LPL Supports Uniform Fiduciary Standard

LPL Financial, the largest independent broker-dealer, announced Monday that it supports the application of a uniform fiduciary standard for financial advisors, as recommended last week by the Securities and Exchange Commission study.

"We welcome the clarity that the January SEC Staff Report brings to the retail financial advice industry,” said Mark Casady, LPL’s chairman and CEO. “ In particular, we agree with the report's recommendation for a uniform fiduciary standard, as we believe this is right for investors, financial advisors and the industry.”

Casady said this new standard would “drive greater consistency and evenhandedness in the supervision of the broker-dealer and advisory sides of our industry.”

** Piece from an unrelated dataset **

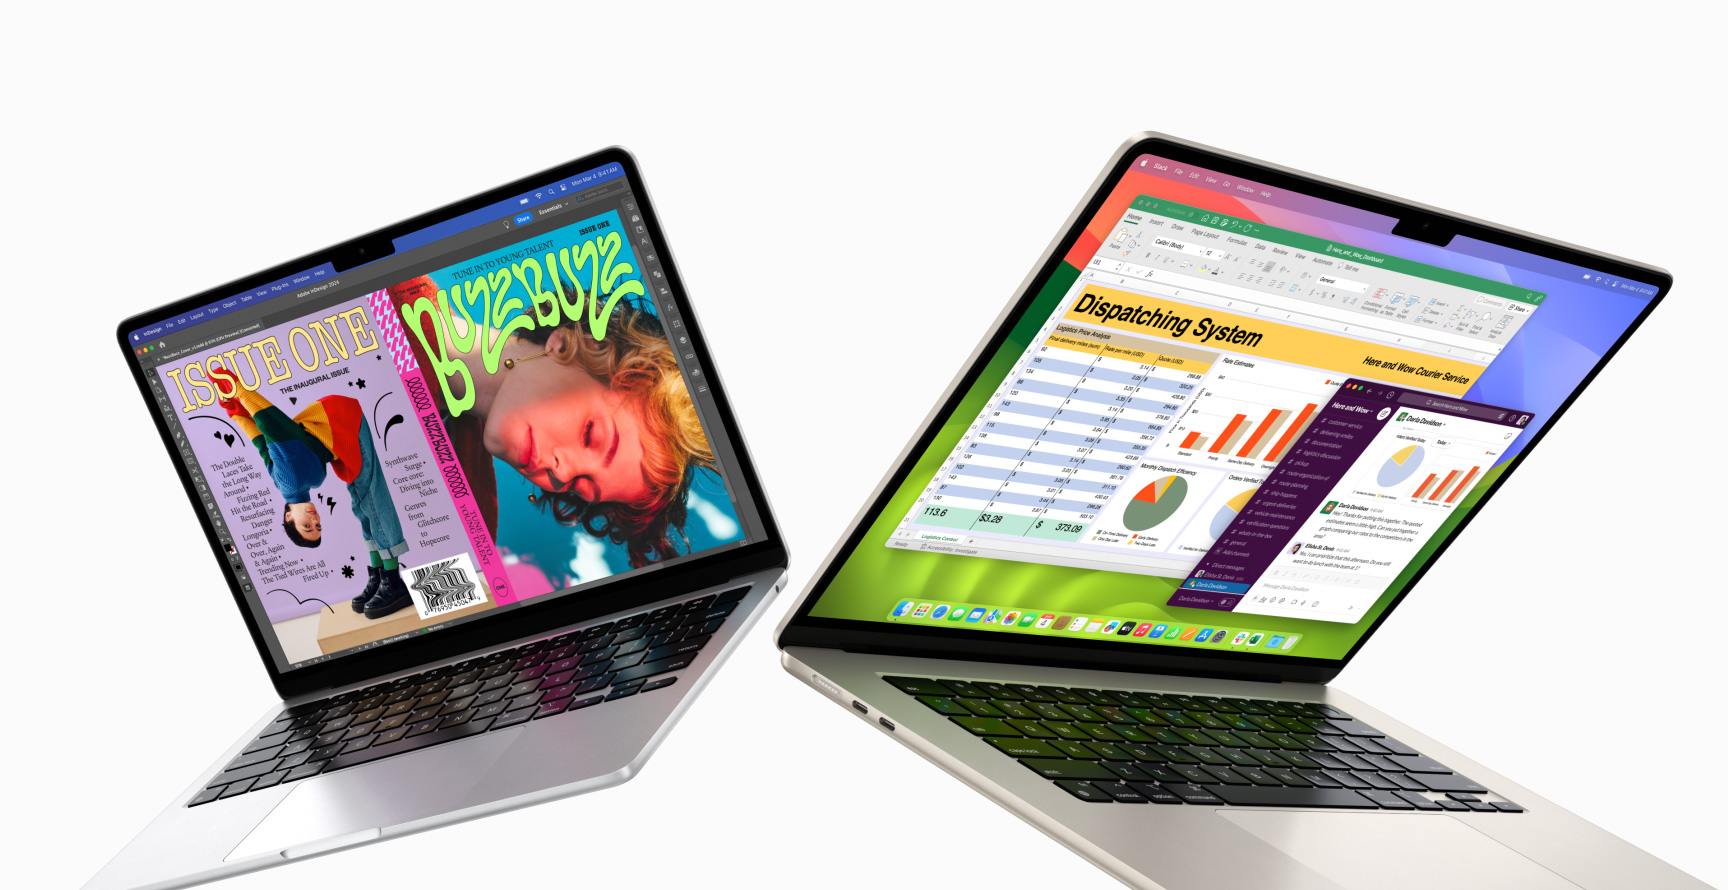 Partially open 13-inch MacBook Air on the left and 15-inch MacBook Air on the right. 13-inch screen shows colourful zine cover created with In Design. 15-inch screen shows Microsoft Excel and Slack.

“This would be positive for financial advisors and their clients, the vast majority of whom are neither cognizant of, nor concerned with, different definitions for the standard of care between financial advisor business models,” he said.

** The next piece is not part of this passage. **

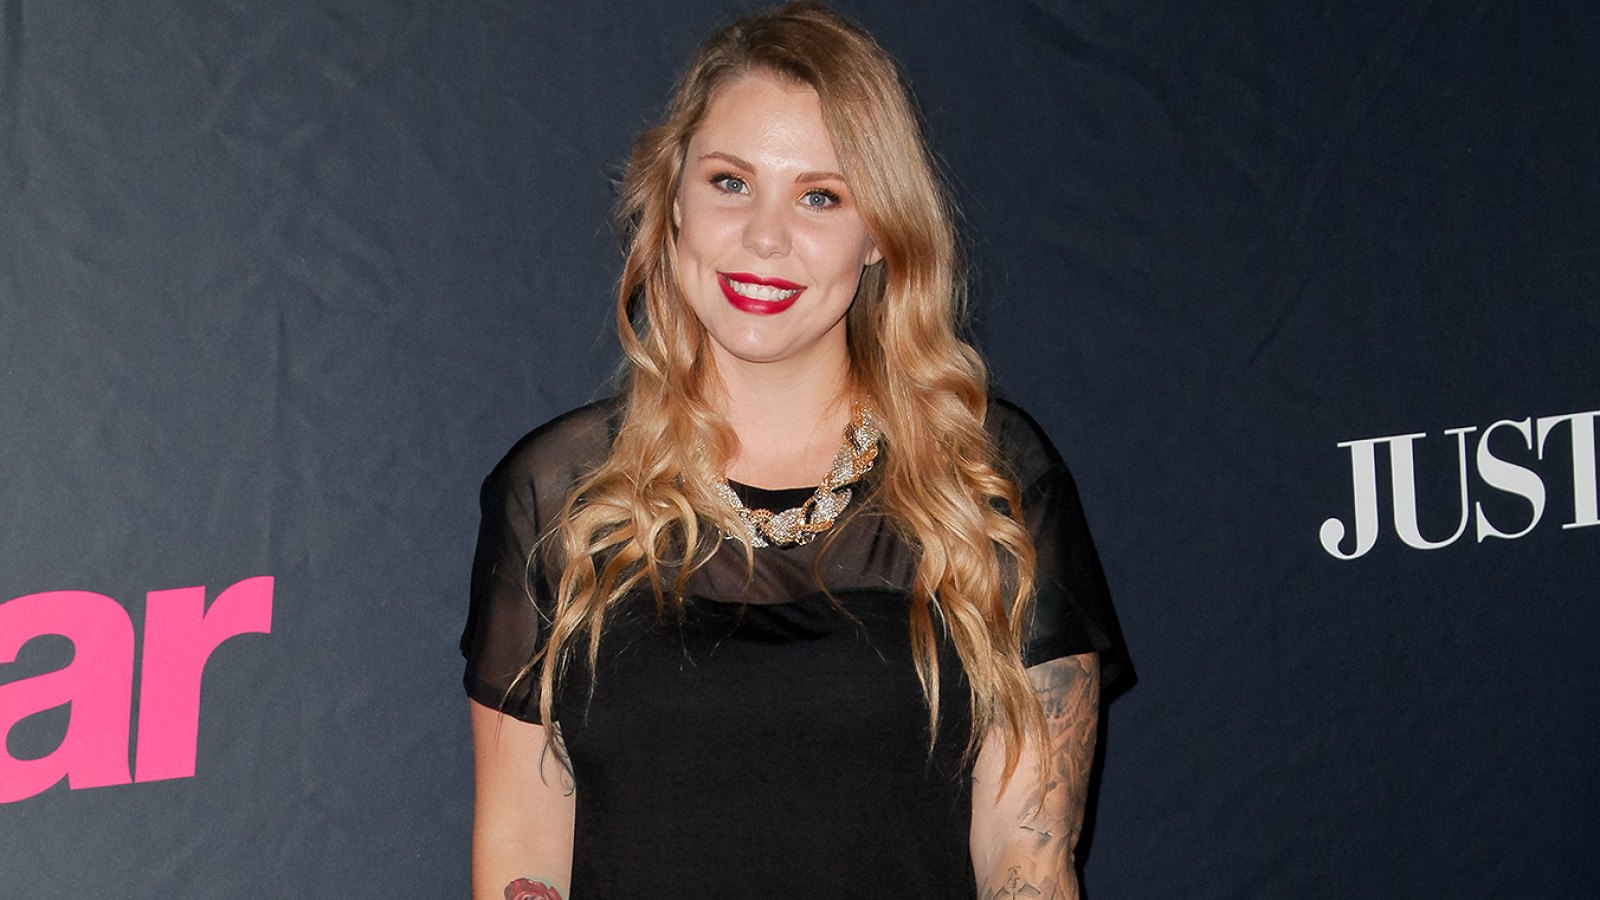 Kailyn Lowry, Dominique Potter, Relationship, Cheating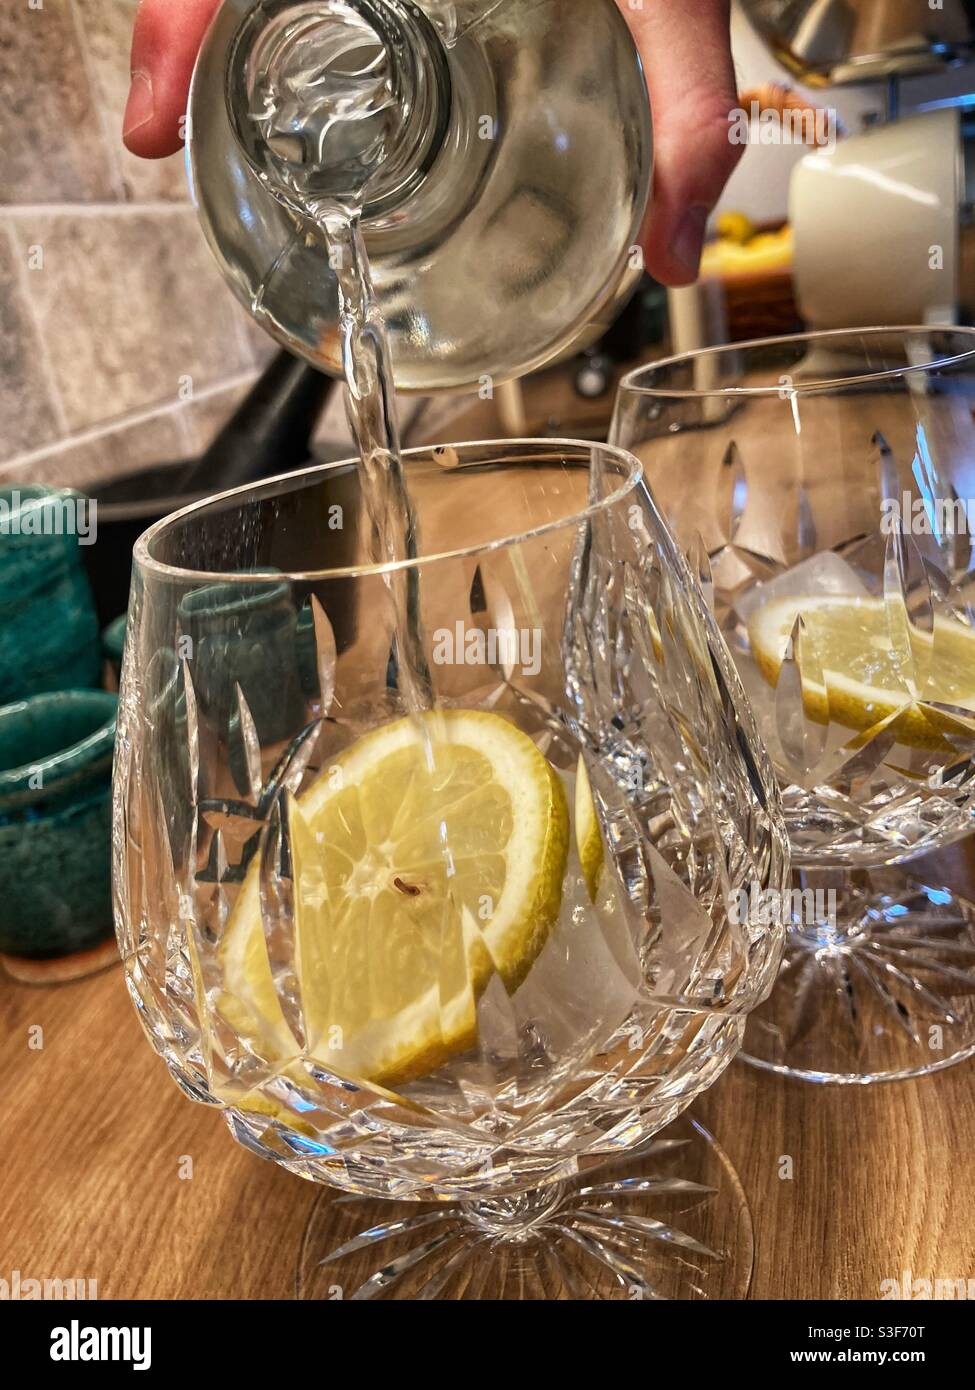 https://c8.alamy.com/comp/S3F70T/making-gin-and-tonic-filling-cut-glasses-with-lemon-slices-and-ice-cubes-in-with-gin-S3F70T.jpg

Casady said an “overwhelming number” of LPL’s 12,000 advisors are registered to work on both a fee and commission basis. “We are very comfortable with the disclosure and regulatory structures for both sides of the industry,” he said. “As a dually licensed firm, we can support any business model a financial advisor may choose through our broker-dealer, corporate RIA and Hybrid RIA custody services.   As such, we are confident that a uniform fiduciary standard is just a first step. We believe an important next step in promoting the best interest of consumers is the harmonization of the rules governing brokers and advisors.

"Significant work lies ahead, but we believe the study has made meaningful progress and we are committed to continuing to work with our industry peers, the SEC and Congress to reach a balanced result for advisory and brokerage practices."

“The recommendations,” the study said, “are designed to increase investor protection and decrease investor confusion in the most practicable, least burdensome way for investors, broker-dealers and investment advisers.”

Analysts said that the SEC's study really didn't take much of a stand, but did put the ball in motion for regulatory reform.